US Economy in 2010 an Analysis:

The Bureau of Labor Statistics (BLS, the Bureau) projections for the U.S. economy during the 2000–10 decade reflect continued growth. Gross domestic product (GDP) is expected to reach $12.8 trillion in chained 1996 dollars by the end of the decade, an increase of $3.6 trillion over the period. Rising by an average annual rate of 3.4 percent, GDP is projected to grow faster than the 3.2-percent annual rate of growth over the preceding 10-year period, from 1990 to 2000. Slower growth of civilian household employment, from 1.3 percent a year during the 1990–2000 period to 1.1 percent from 2000 to 2010, is expected to result in an increase of 16.2 million employees over the latter period, slightly less than the increase of 16.4 million employees between 1990 and 2000. The employment projection is accompanied by an assumed unemployment rate of 4.0 percent in 2010, the same as in 2000. To best understand how these projections relate to the U.S. economy, it is helpful to examine the effects of major economic events that took place over the past four decades.

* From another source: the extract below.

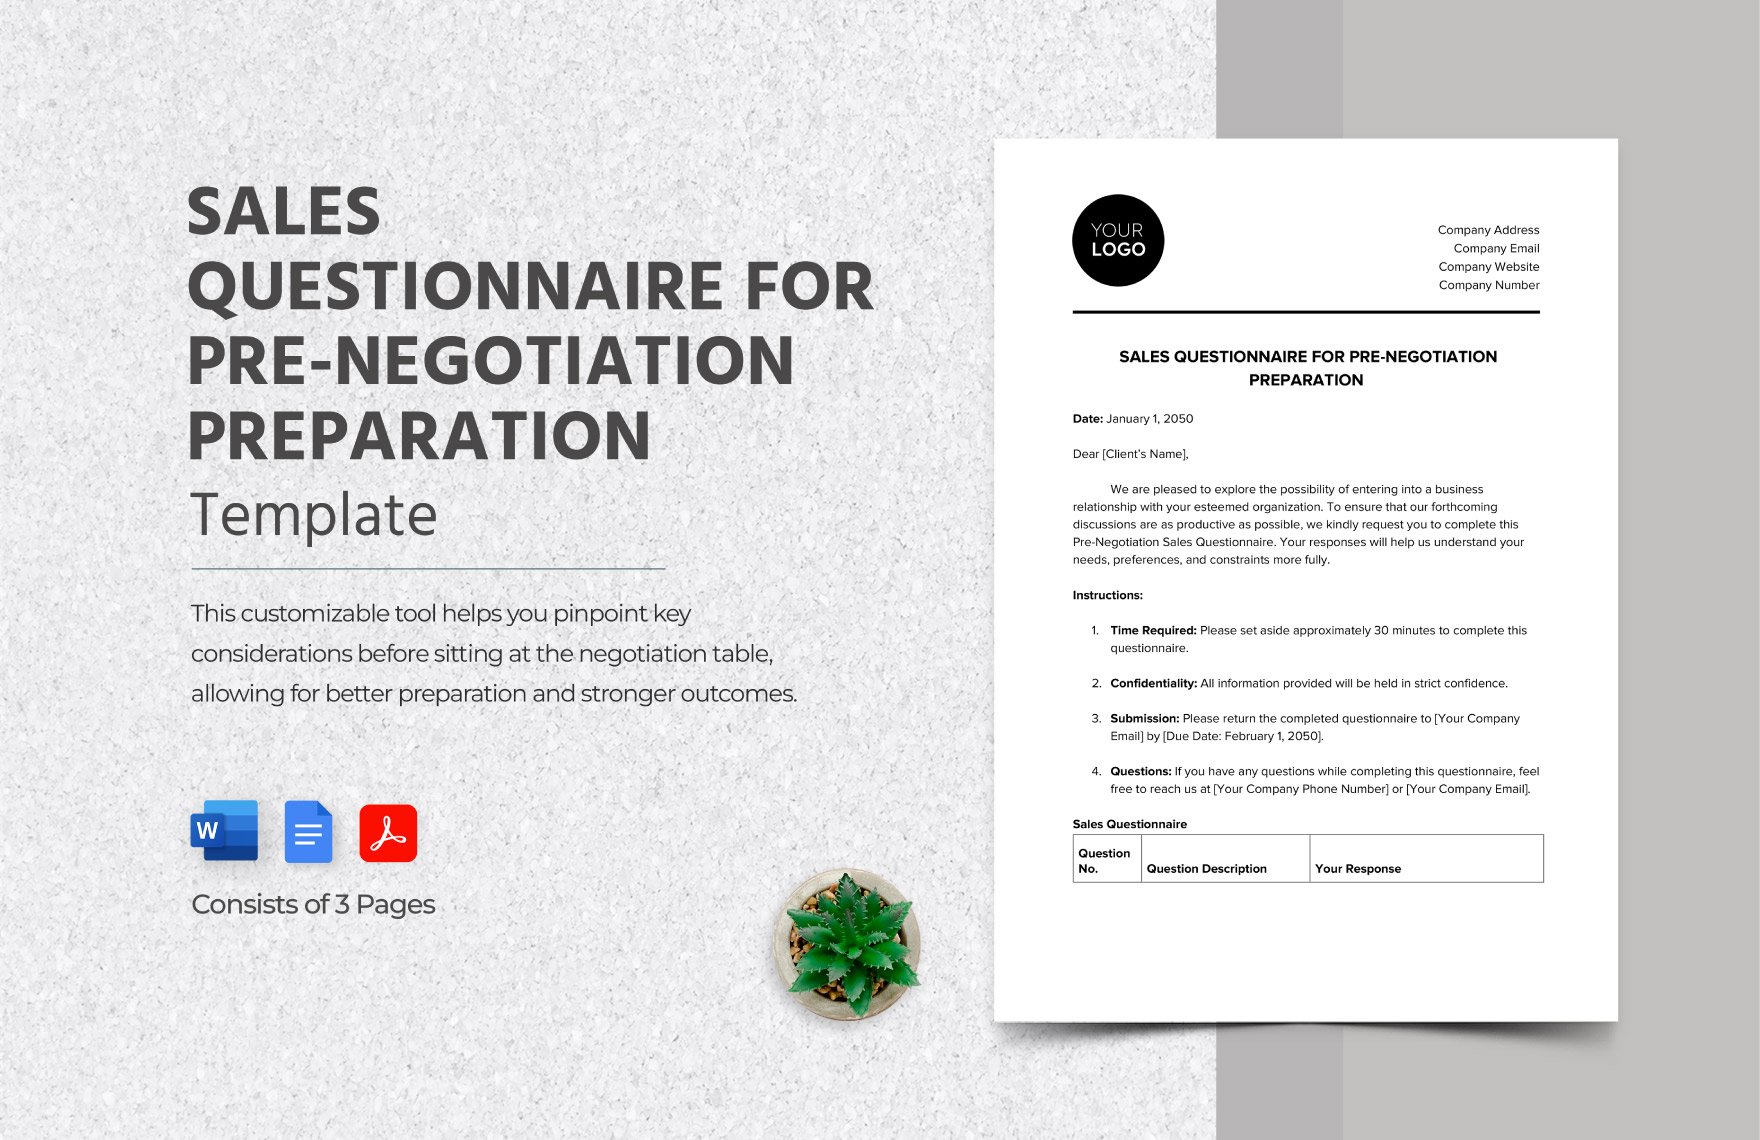 Sales Questionnaire for Pre-Negotiation Preparation Template

During the decade of the 1960s, labor productivity grew at an annual average rate of 2.9 percent, spurred by the aerospace program and strong defense-related demand. During the 1970s, labor productivity growth slowed to 1.8 percent annually as businesses struggled to deal with skyrocketing petroleum prices, energy shortages, sharp cutbacks in defense spending, and a deemphasize of aerospace research programs. The 1980s were marked by even slower productivity growth—1.5 percent each year over the decade—as large expenditures by businesses on computers and other technologies seemed to have no impact on the statistics and as significant corporate restructuring (downsizing, contracting out, and so forth) worked through the economy. In the early part of the 1990s, the economy moved into a recession, further muting productivity growth, but the stage was set for the longest sustained recovery in the post-World War II economy. The unemployment rate fell for eight straight years, from 7.5 percent in 1992 to 4.0 percent in 2000, the lowest reading in 30 years. Although it is difficult to predict whether the tight labor

market of the recent past will persist, the BLS model has assumed an unemployment rate of 4.0 percent in 2010, the same rate as in 2000. (See table 9.) Overall, civilian household employment

is projected to increase by 1.1 percent per year from 2000 to 2010, or 1.62 million persons per year. The result is that more than 16 million employed persons will be added to the economy over the 10-year projection period. Total employment measured on a non farm establishment basis is expected to grow at a rate of 1.4 percent between 2000 and 2010, from 131.8 million to 152.0 million, an increase of 20.2 million jobs. The civilian labor force is projected to grow at a rate of 1.1 percent per year from 2000 to 2010, the same rate of increase as that attained over the preceding 10-year period.